— Ведь вы же не разошлись?
— Ну и что? Обуза я для него. Раз больна, он, конечно, не унизится до развода. Но терпит не потому, что любит, а из чувства самоуважения. Как же! Ведь он — человек с афиши! Простите, что я поливаю его грязью… Это низко. Нет, нет, он добрый, не был бы добрым, никакая афиша не удержала бы.
— А как же вы? — Антонине стало стыдно, будто и она вела себя, как ее муж, спешила перевалить ответственность на кого-то другого.
— При чем здесь я? Я просто несчастный человек, и все. А он справедлив и добр, вероятно, нашлось бы сколько угодно мужей, которые такую жену, как я, вышвырнули бы прочь, словно рваную тряпку… Мне разрешается все, что угодно, одного я не вправе требовать — его любви… Только вы не подумайте, Тоня, — она снова сжала руку Антонины. — Ни слава его, ни деньги меня бы не удержали. Я имею право преподавать, на хлеб себе всегда заработаю… Но я люблю его… Все еще люблю! Понимаете?
— Успокойтесь. Я очень хорошо вас понимаю, — уверяла Антонина, а мысли обгоняли друг друга: как похожи люди — будь они образованные или совсем темные, дирижеры или барабанщики, и почему же мы, женщины, должны не только рожать и воспитывать детей, но и терпеть все-все, почему столь огромны наши чувства, наша преданность и любовь — ведь свобода выбора ограничена, и любовь зачастую обращается против нас, как и постоянство, которым мы так гордимся. Жертвуем собою в любви, забывая обо всем на свете, превращаемся в надоедливых, брюзгливых, становимся скучными, стареем до срока… Но Констанция так молода, прелестна, полна женского обаяния… Нет, не может быть!
— Понимаете, так скажите: разве не лучше рак? По крайней мере знаешь: скоро конец; а тут дрожи все время, жди подкрадывающегося убийцу… Не живешь и не умираешь… Не знаешь, когда это случится, не имеешь возможности подготовиться. И презираешь себя за боязнь положить конец своим конвульсиям, чувствуешь, что ты тяжкое бремя для близкого человека, что он несчастен из-за тебя… Господи, зачем я впутываю вас в эту историю, зачем? Ах, Тоня, Тоня! Вечно на что-то надеешься, лжешь самой себе…
— Надежда — это не ложь и не обман. Это по-человечески — надеяться! И не болезнь самое страшное — страшно, когда ей поддаешься. Все время появляются новые лекарства… И муж у вас… Если все еще любите, значит, не потеряли веры в него. А завтра будет новый день… будет!
Антонина, как умела, боролась с отчаянием Констанции, обнимая ее сильными, мускулистыми от тяжелого труда руками.

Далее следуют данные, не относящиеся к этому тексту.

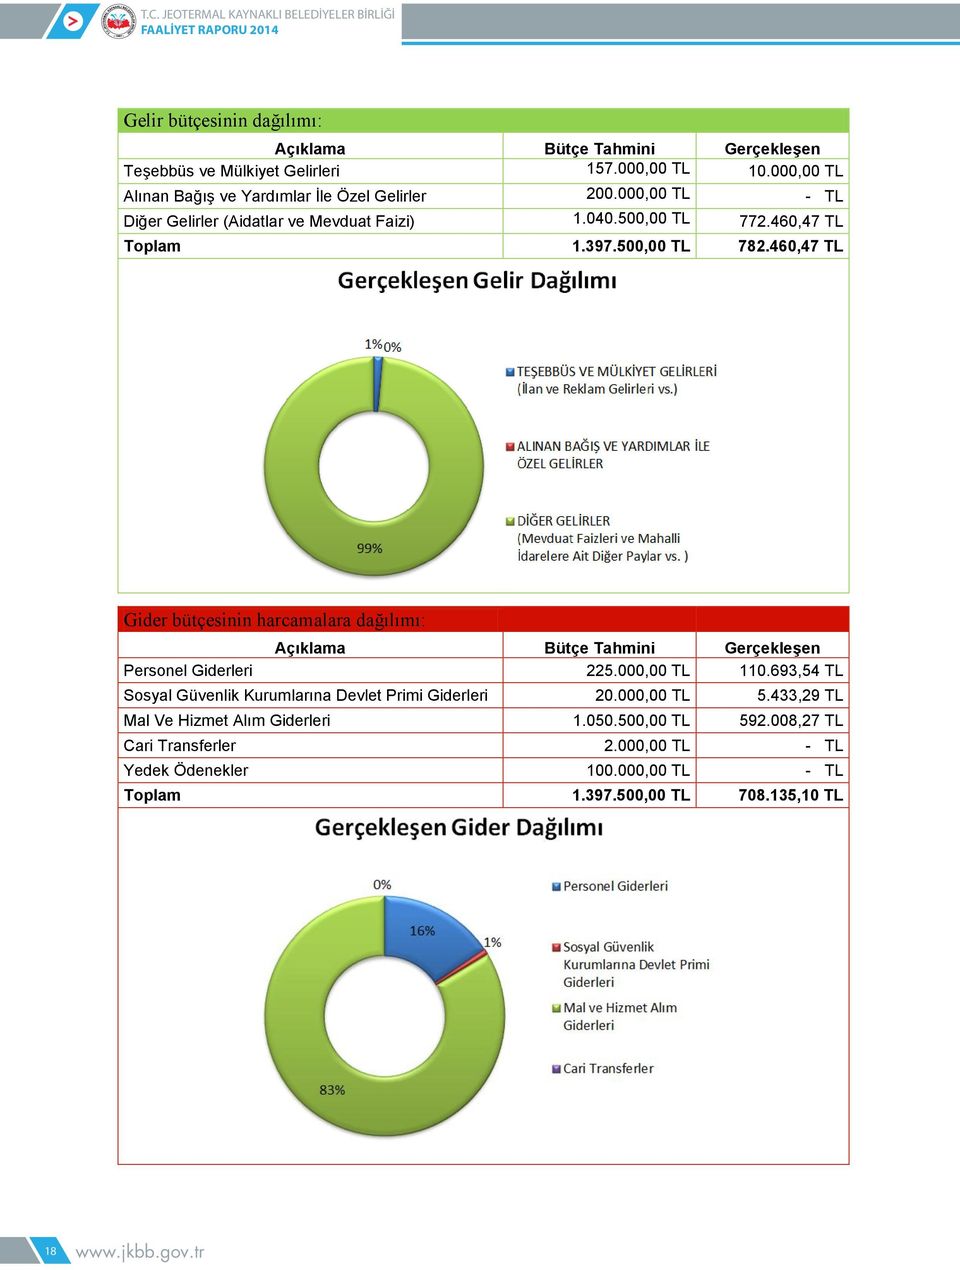 500,00 TL 782.460,47 TL Gider bütçesinin harcamalara dağılımı: Açıklama Bütçe Tahmini Gerçekleşen Personel Giderleri 225.000,00 TL 110.

Так бы и задушила и эту ее поганую болезнь — чтобы не нападала из-за угла, не губила безвинного человека! — и свой собственный все возрастающий страх. В голове стоял гул, будто рядом лопнул вдруг огромный великолепный хрустальный сосуд, вмещавший и сосны, и озеро, и половину рассеченной стонами Констанции ночи.
— Ложь… Ничего нового нет… И не будет!
На прикроватной тумбочке тикали часики Кайрене, светящиеся стрелки подползли к четырем. Скоро утро, зазвенит птичья разноголосица. За далекими соснами загоралось уже розовое зарево. Но разве все это так важно? Нету, рассыпался хрустальный сосуд, хранивший в себе доброту, летят осколки, разгоняя последние ночные тени, и никогда уже не обретешь больше желанного покоя, за которым ехала сюда, освободившись от оков быта, бросив на произвол судьбы мужа, детей, работу. Неужели и ехала только за недолговечной иллюзией покоя? Нет. Антонина Граяускене и прежде сомневалась, так ли уж он ей необходим, этот покой, одно знала твердо: уйти Констанции она не позволит.
— Пустите!.. Где халат? Пустите, говорю вам, а то закричу… Такое услышите, чего отродясь не слышали, Вы старая, мерзкая баба!.. Что, не нравится? Да, да, баба. А бабе никогда не понять, что такое любить и не быть любимой… — Попытки Констанции вырваться становились все слабее, она утихала, подчиняясь более сильной воле. — Тоня, милая, умоляю вас, гоните меня к черту! Не заставляйте откусить себе язык!..
— Успокойтесь! Надо поспать… Скоро день…
— Вот и новый день! — было первыми словами Констанции, когда они проснулись. И слова эти прозвучали так, словно она все еще рассчитывала скрыть то, что ночью было обнажено, как корни беспощадно вырванного деревца.